» **Material provided**:
● ● ● ●
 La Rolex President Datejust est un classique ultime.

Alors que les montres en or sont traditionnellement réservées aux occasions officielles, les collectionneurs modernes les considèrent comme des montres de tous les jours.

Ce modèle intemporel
● ● ● ●
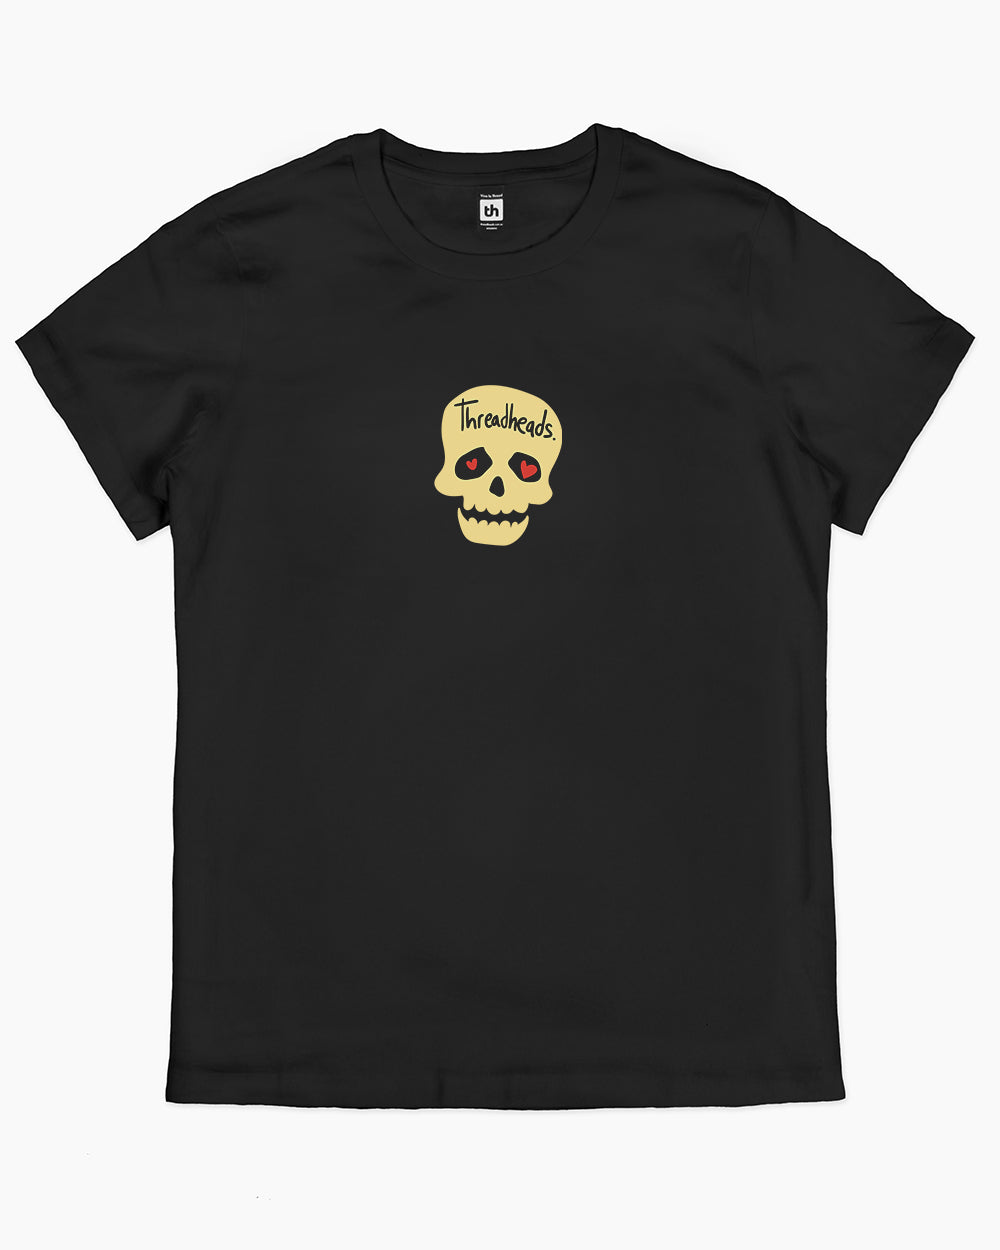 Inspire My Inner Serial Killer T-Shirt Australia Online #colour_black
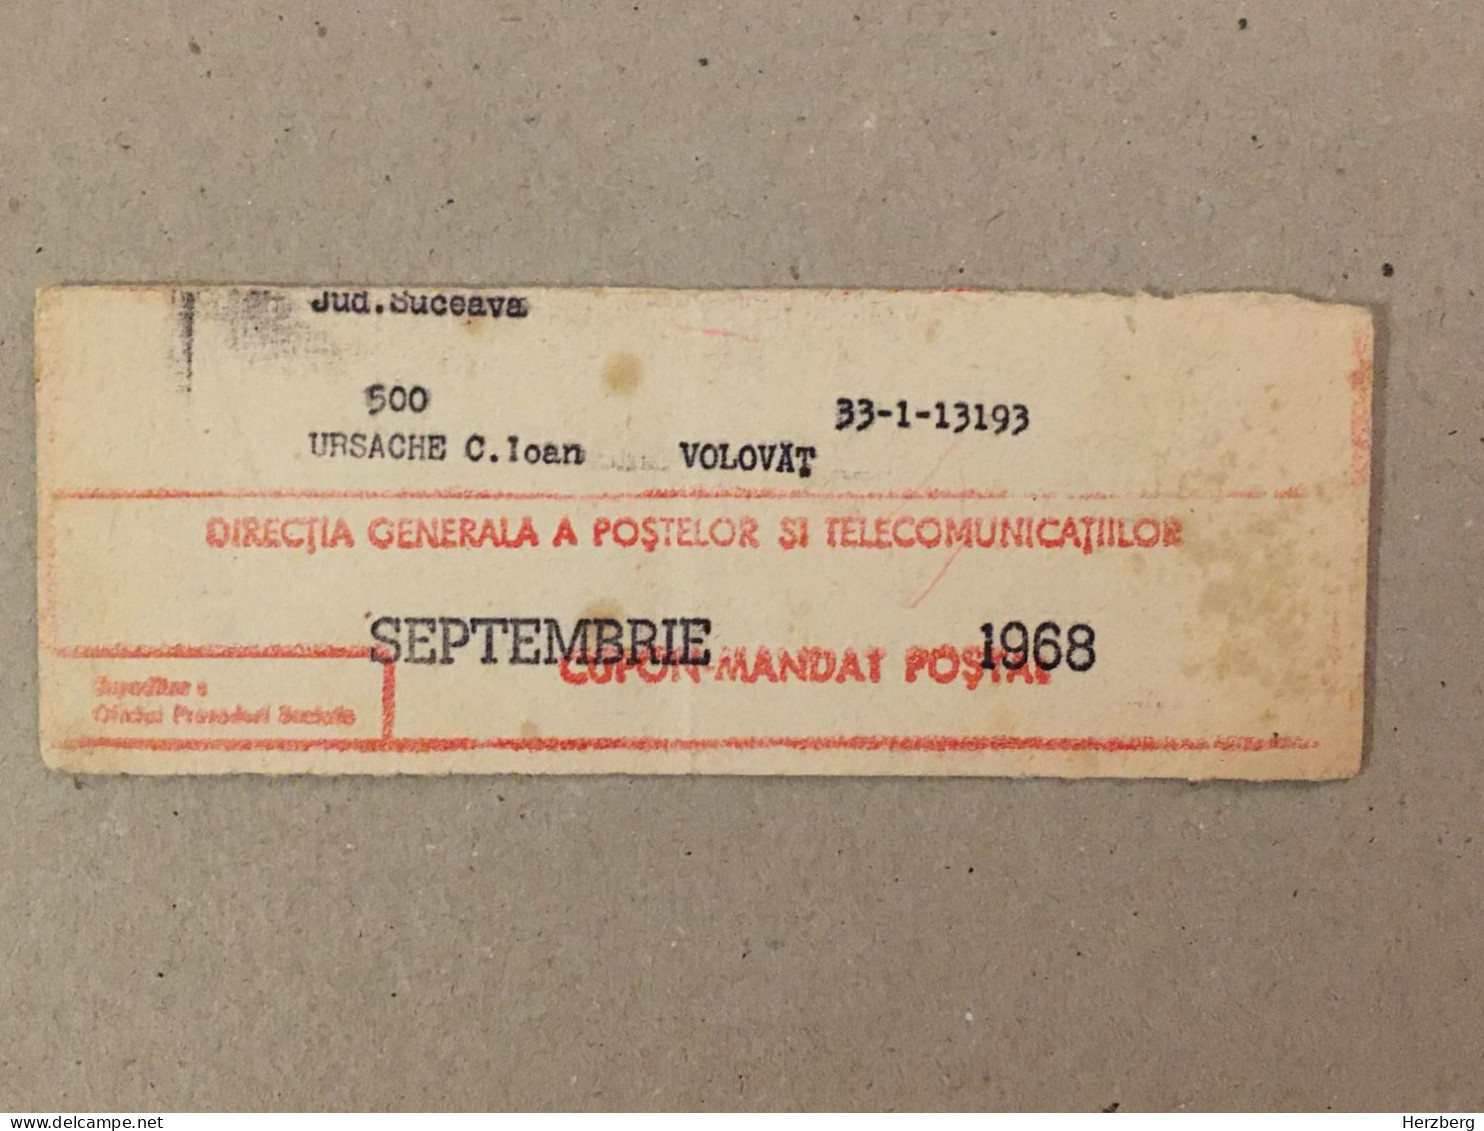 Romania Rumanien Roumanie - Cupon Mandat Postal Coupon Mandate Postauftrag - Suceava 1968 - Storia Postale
● ● ● ●
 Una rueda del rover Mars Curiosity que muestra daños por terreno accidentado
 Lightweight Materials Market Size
● ● ● ●
» **What to produce**: Among the entries above, the line containing "La Rolex President", the line containing "Ce modèle intemporel", and all lines between them are to be restated word for word; nothing else belongs in the reply.

» **Answer to this exercise**:
 La Rolex President Datejust est un classique ultime.

Alors que les montres en or sont traditionnellement réservées aux occasions officielles, les collectionneurs modernes les considèrent comme des montres de tous les jours.

Ce modèle intemporel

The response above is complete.